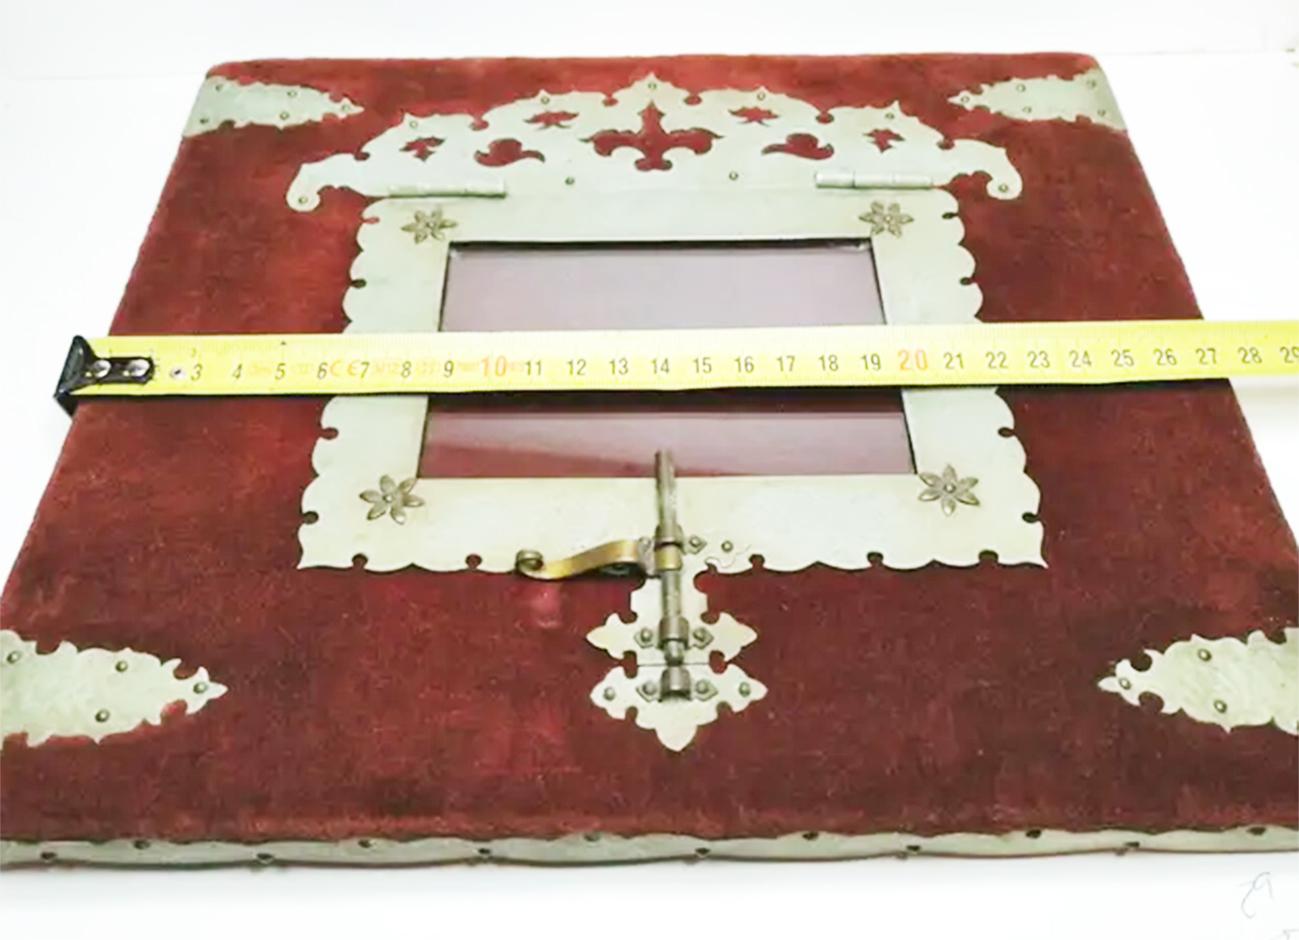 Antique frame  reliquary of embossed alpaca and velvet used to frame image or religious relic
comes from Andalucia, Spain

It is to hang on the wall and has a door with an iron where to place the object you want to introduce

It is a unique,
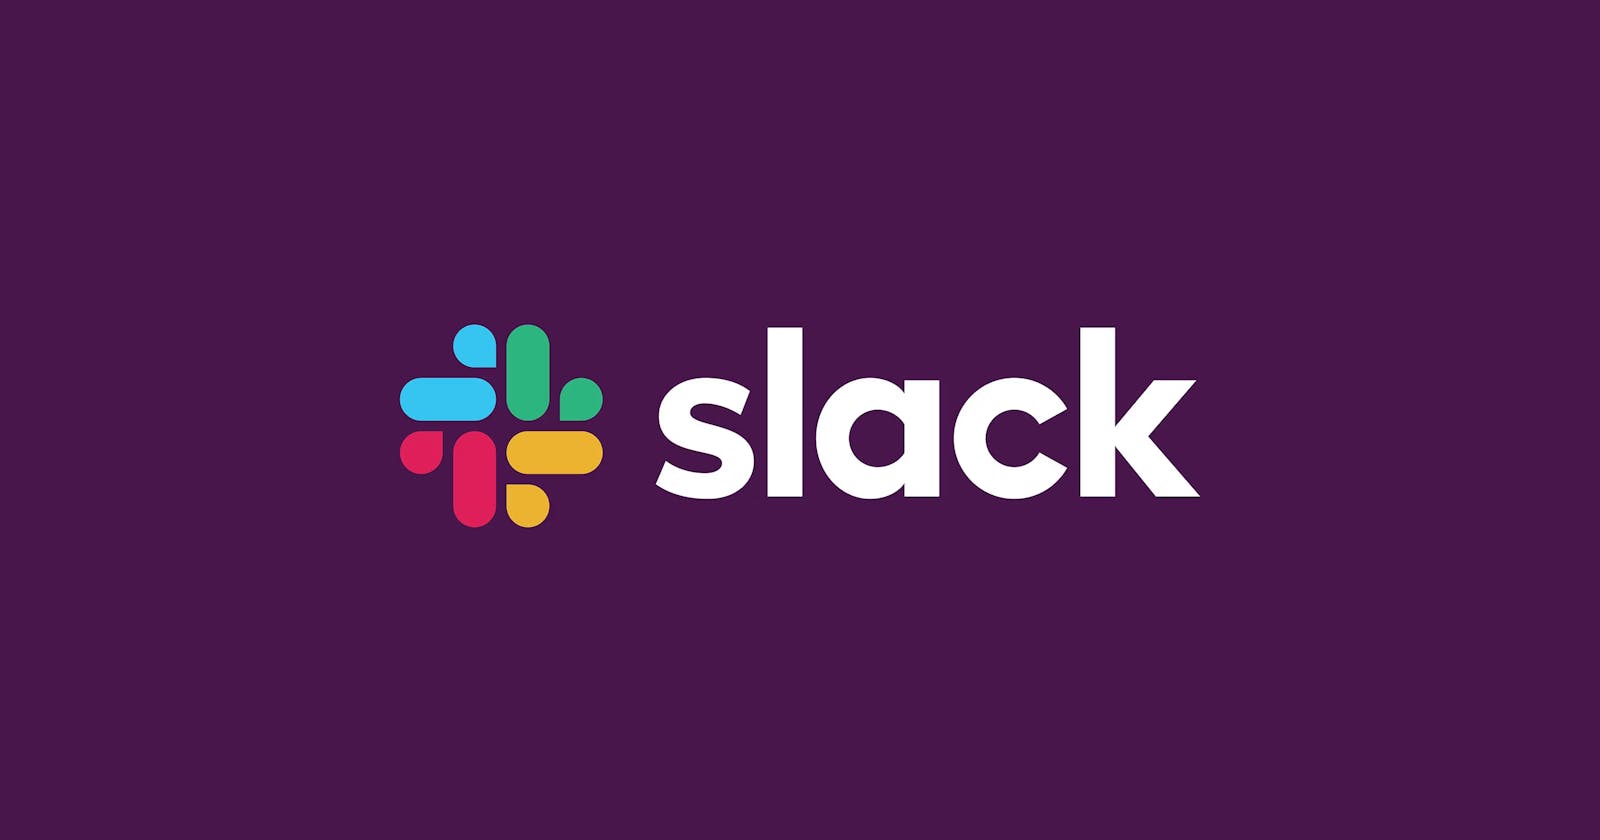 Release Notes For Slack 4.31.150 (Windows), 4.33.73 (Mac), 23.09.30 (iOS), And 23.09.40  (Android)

■ ■ ■

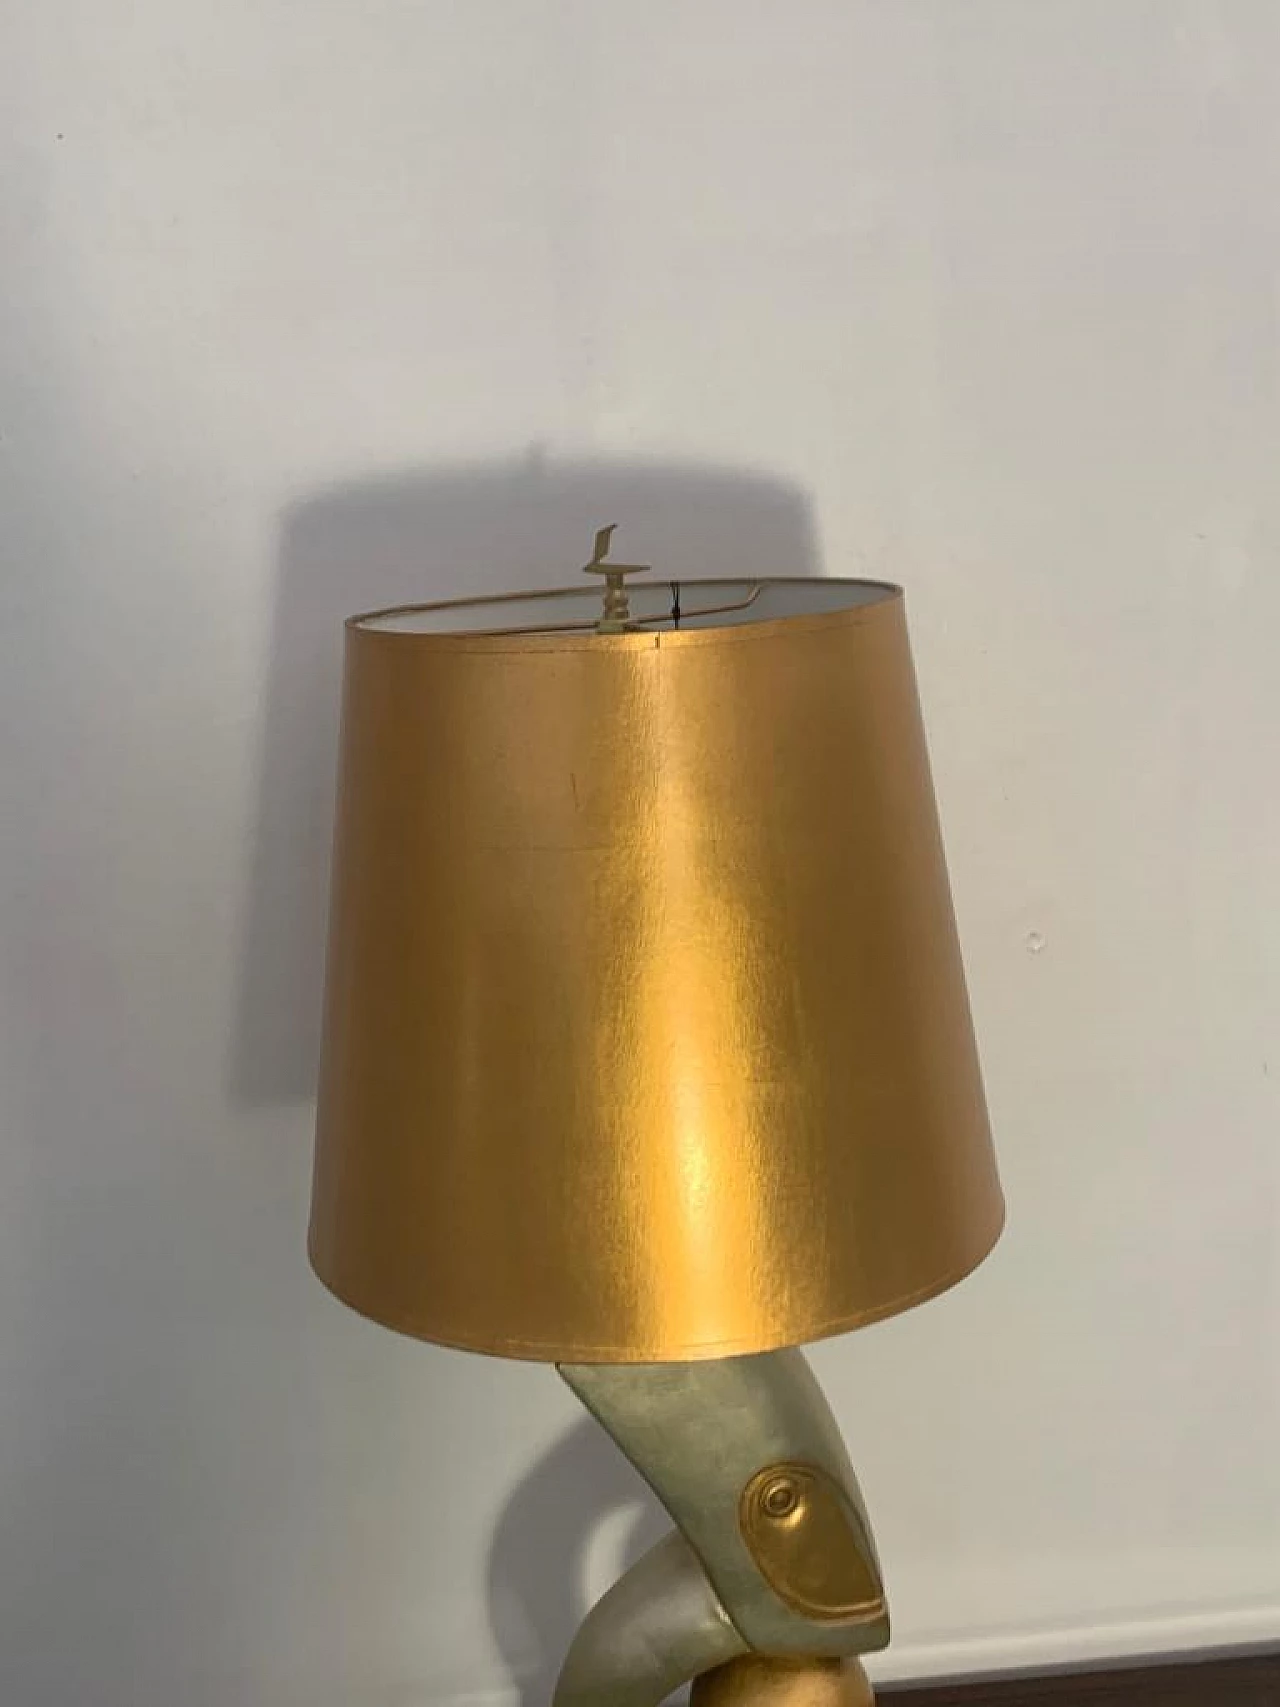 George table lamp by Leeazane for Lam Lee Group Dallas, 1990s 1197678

■ ■ ■

WHAT IS NEEDED: Go down the entries above from the line containing "or religious relic" to the line containing "Release Notes For" and write out each line exactly, leaving pictures out.

TASK RESULT:
 Antique frame  reliquary of embossed alpaca and velvet used to frame image or religious relic
comes from Andalucia, Spain

It is to hang on the wall and has a door with an iron where to place the object you want to introduce

It is a unique,
 Release Notes For Slack 4.31.150 (Windows), 4.33.73 (Mac), 23.09.30 (iOS), And 23.09.40  (Android)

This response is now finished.